• _TO DO_
Every line of the listing should be retyped exactly, but none of the pictures should be.

• _DATASET SECTION_
*** Begin section ***

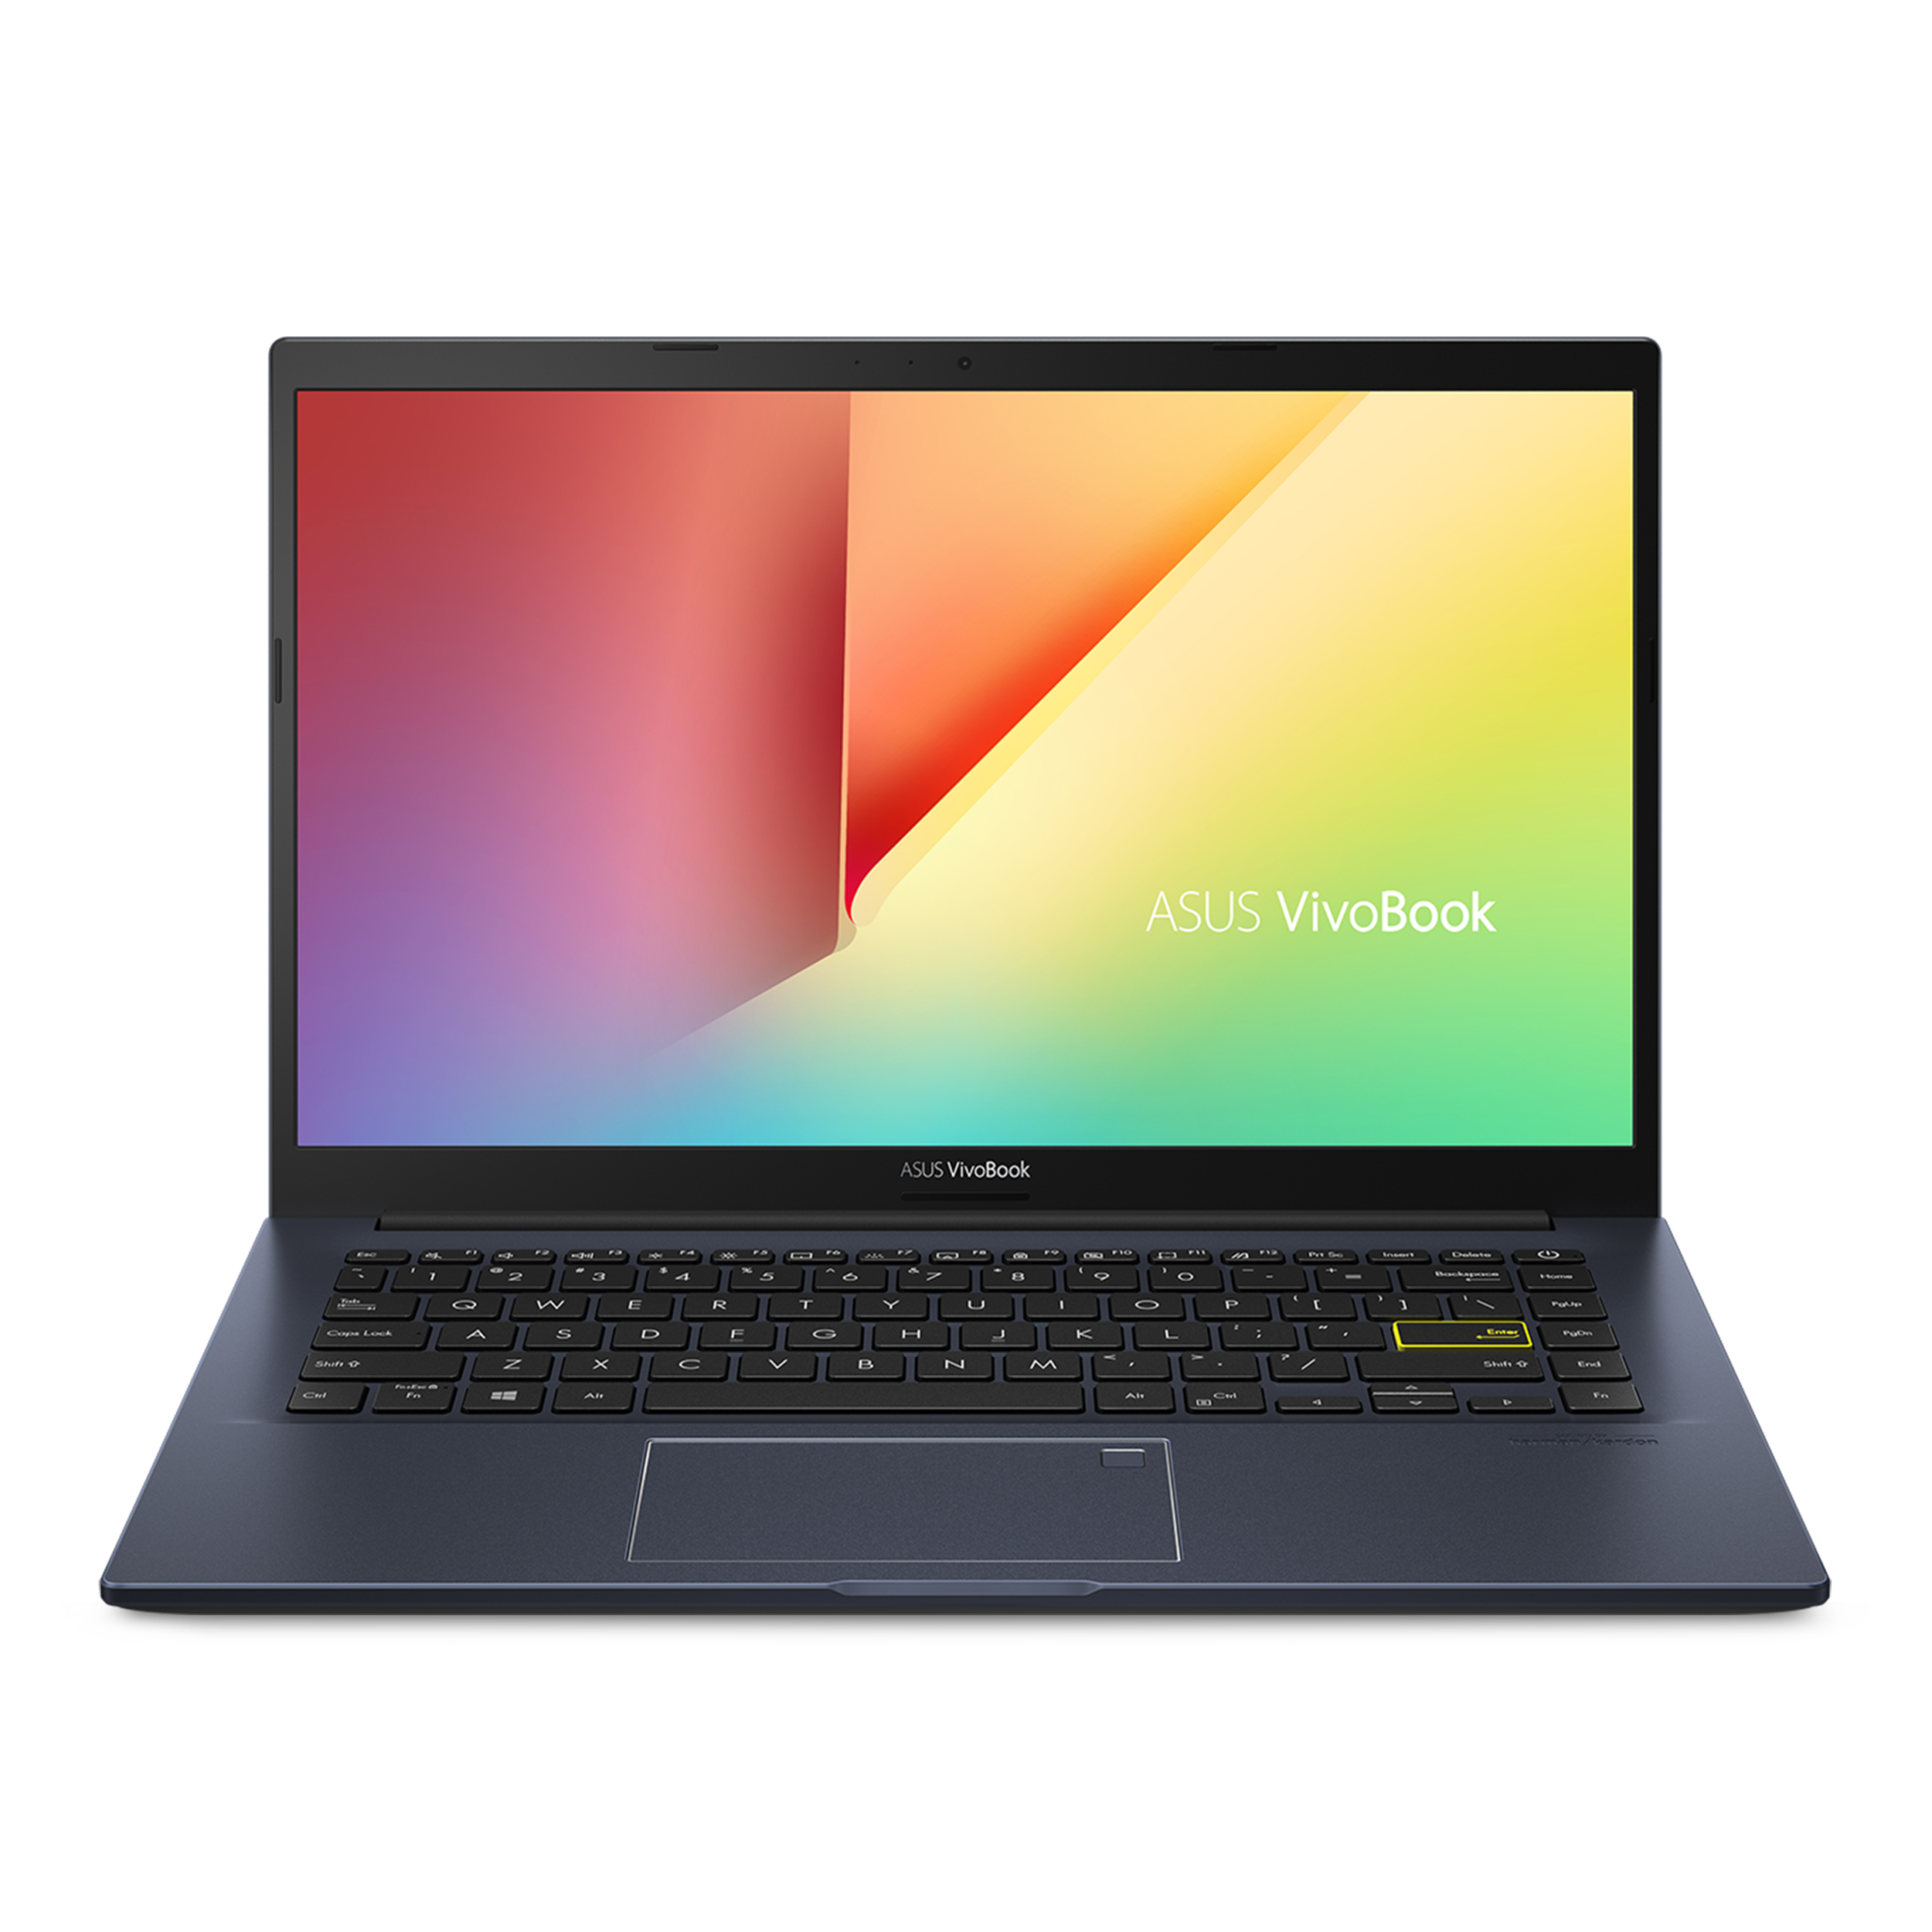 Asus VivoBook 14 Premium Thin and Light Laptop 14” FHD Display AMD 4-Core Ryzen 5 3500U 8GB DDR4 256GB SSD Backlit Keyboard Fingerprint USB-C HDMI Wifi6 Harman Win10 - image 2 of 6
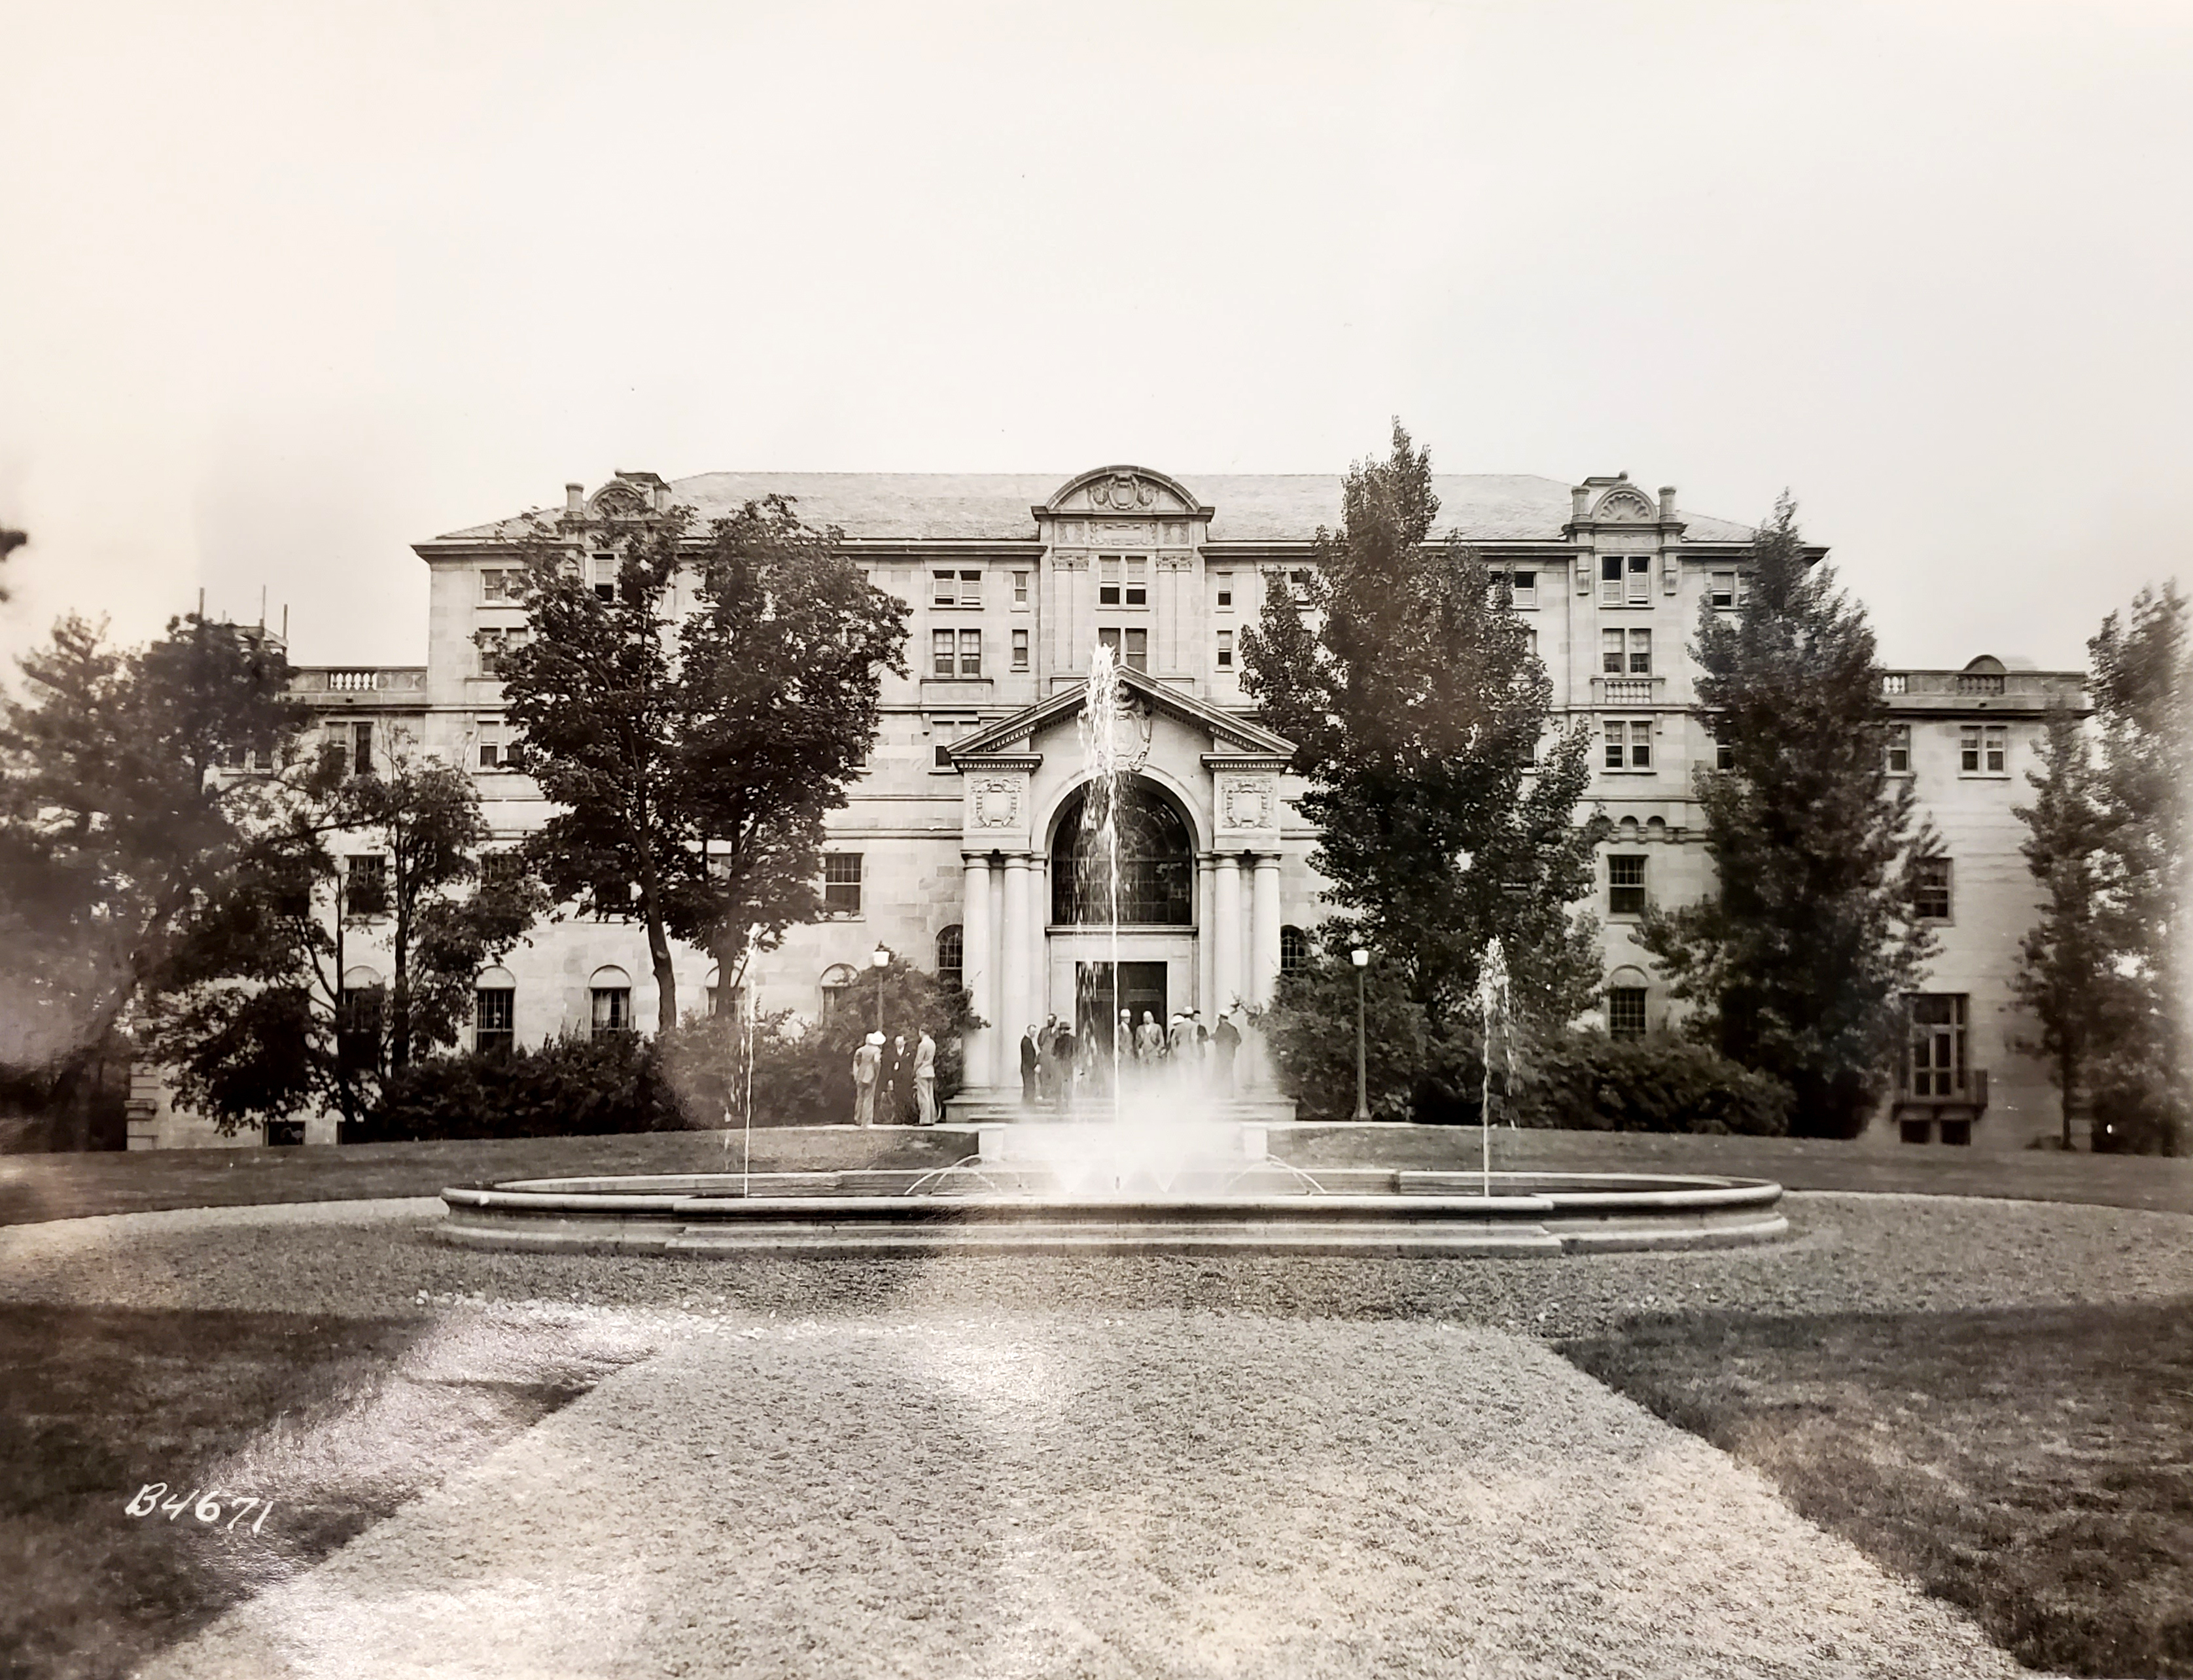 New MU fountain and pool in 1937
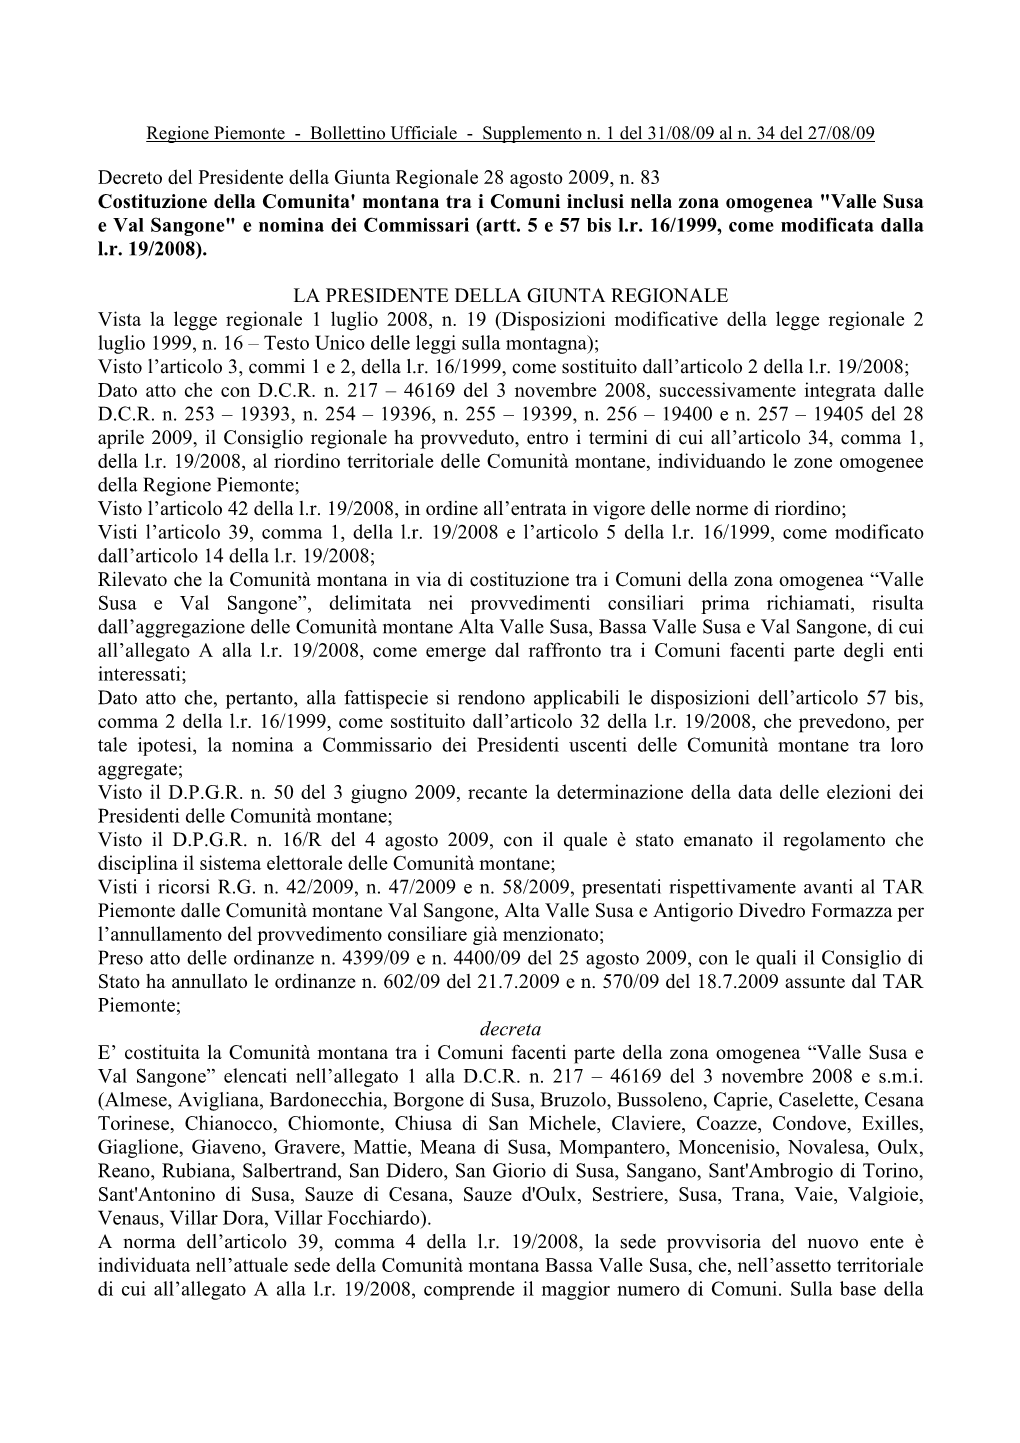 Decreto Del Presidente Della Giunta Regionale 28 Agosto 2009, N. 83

*** End section ***

• _ANSWER TO THE PROBLEM_
 Asus VivoBook 14 Premium Thin and Light Laptop 14” FHD Display AMD 4-Core Ryzen 5 3500U 8GB DDR4 256GB SSD Backlit Keyboard Fingerprint USB-C HDMI Wifi6 Harman Win10 - image 2 of 6
 New MU fountain and pool in 1937
 Decreto Del Presidente Della Giunta Regionale 28 Agosto 2009, N. 83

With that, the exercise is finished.